Not as clear as it first seemed


I’ve also been meaning to write this post for a while 🙂

A couple of years ago it came to my attention that some of our students were being told by their elementary school teachers and junior high school teachers that they were writing English letters wrong.

After an initial reaction of annoyance (this seems to be a perennial problem with some teachers who don’t have the confidence to deviate from the one correct answer given by the textbook), I decided that it might be better to find out what the official ‘stroke order’ for the alphabet in Japan is and make sure our students know it.
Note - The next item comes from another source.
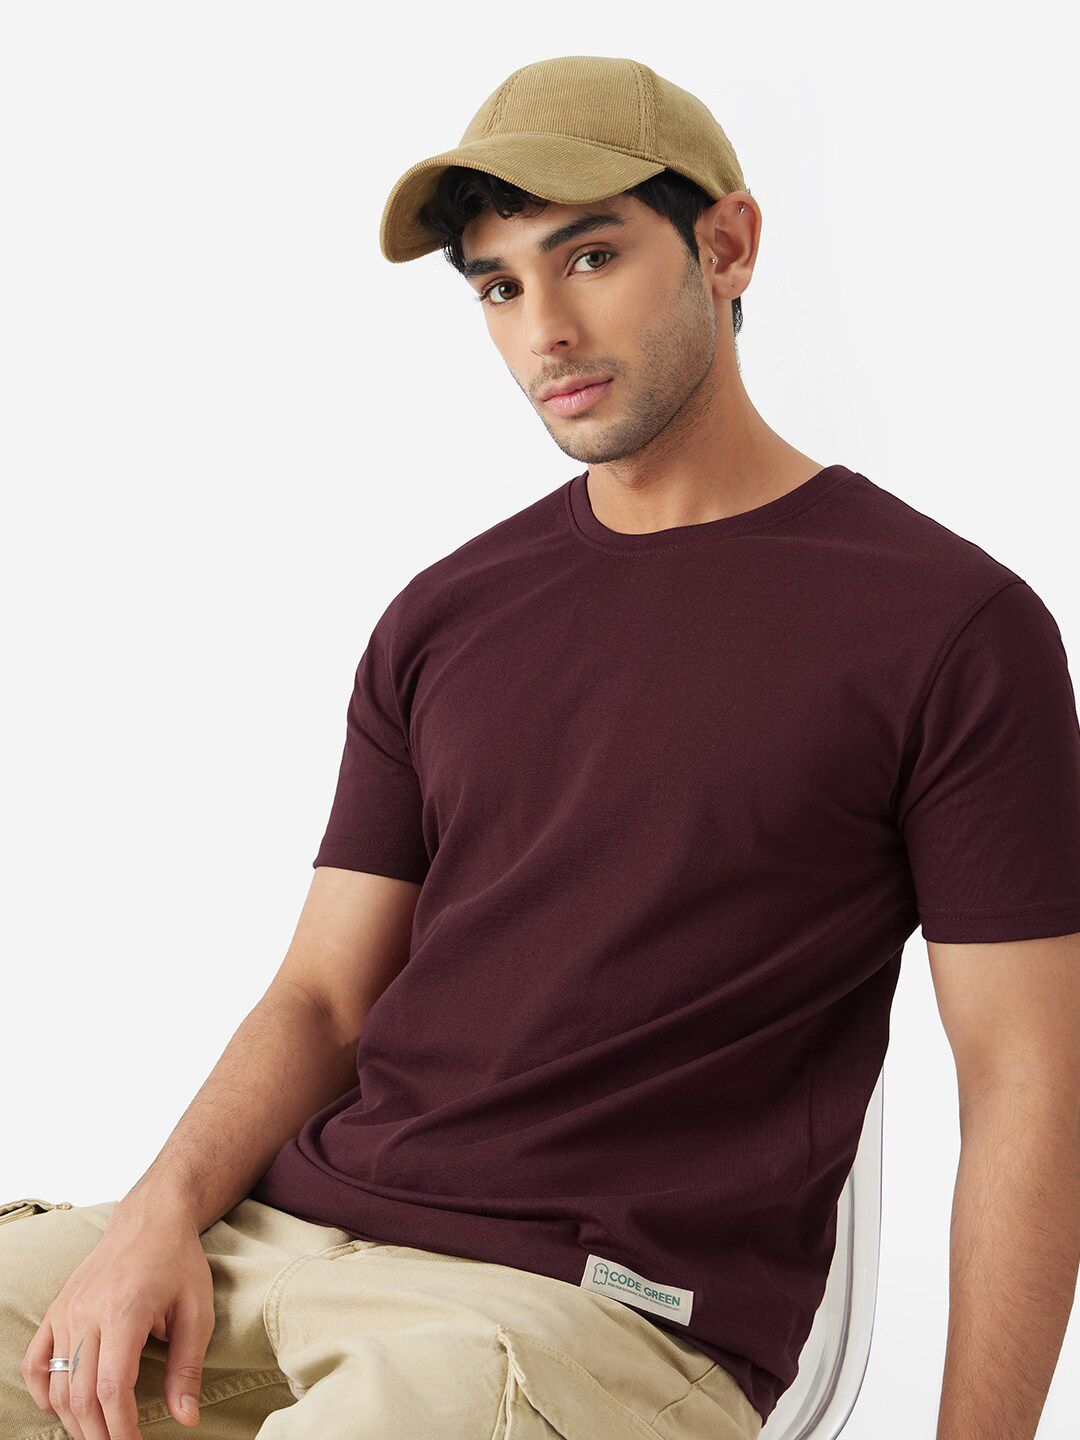 The Souled Store Round Neck Short Sleeves Cotton T-shirt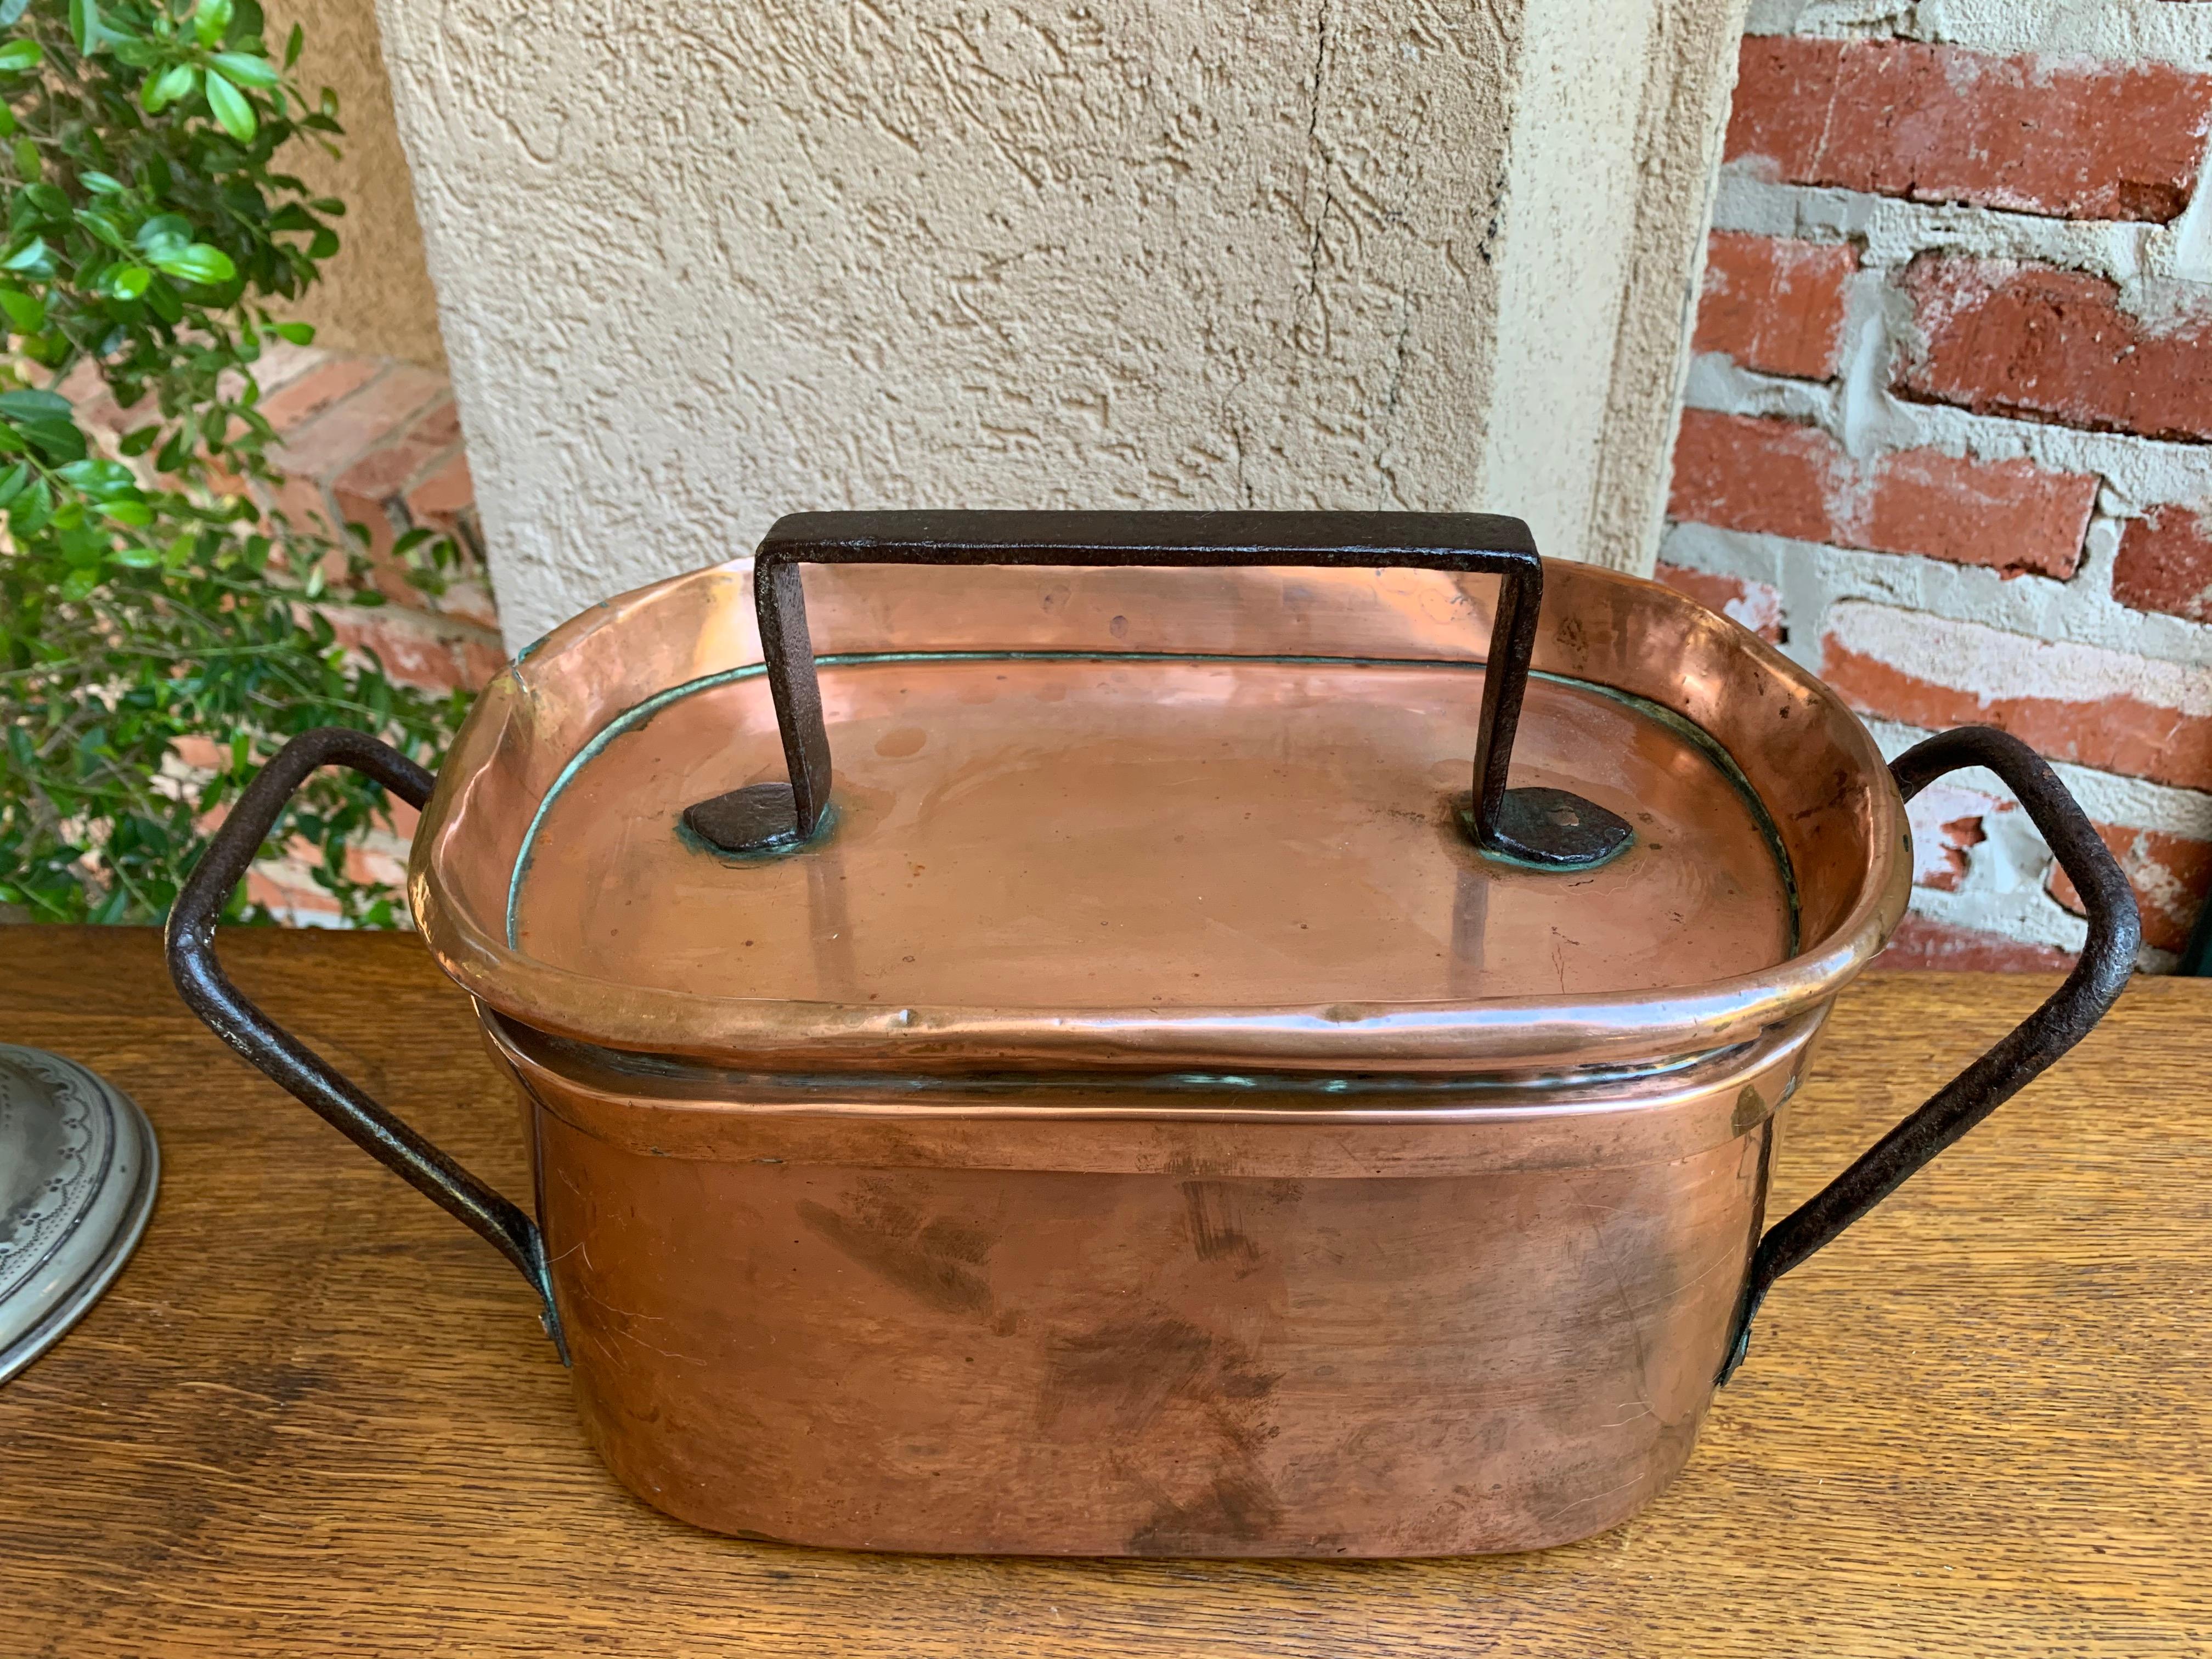 French Provincial 19th Century French Polished Copper and Iron Pot Pan Cooking Dish Lid

I have done some quick research and there doesn’t seem to be any official stroke order. I found the following two online:

stroke order nintendo

This is from Nintendo

stroke order gakuryoku

And this is from GakuryokuUp.

As you can see, they are slightly different (lower-case w, for example). Presumably the teachers are going off whatever textbook they are using in class, and are so insecure that they won’t accept alternatives.

Which kind of takes us back to the beginning. I guess we just need to teach our students that there are different ways of writing letters, and some of their teachers in the future are going to be particular about how they are written in their class. Always do things the way your current teacher wants you to, even if they are wrong (like the ALT who told one of our students that the only correct response to ‘how are you?’ is ‘I’m fine, thank you’).

Any experiences with teaching letter-writing?


1 Jun 2015, 10:10pm
by Trevor Lawless


Some Japanese parents think there is one correct stroke order for writing English. When they observe a lesson they may think the teacher is not teaching their kids the correct method if they are not made aware that while there are general rules there are several acceptable ways to form some letters.

Very good point! Managing parent expectations is probably harder than dealing with the children 🙂

actually, after teaching English to children in Japan for 30 years I have had to make my own lessons. Both of those images are incorrect and not the way natural writers write.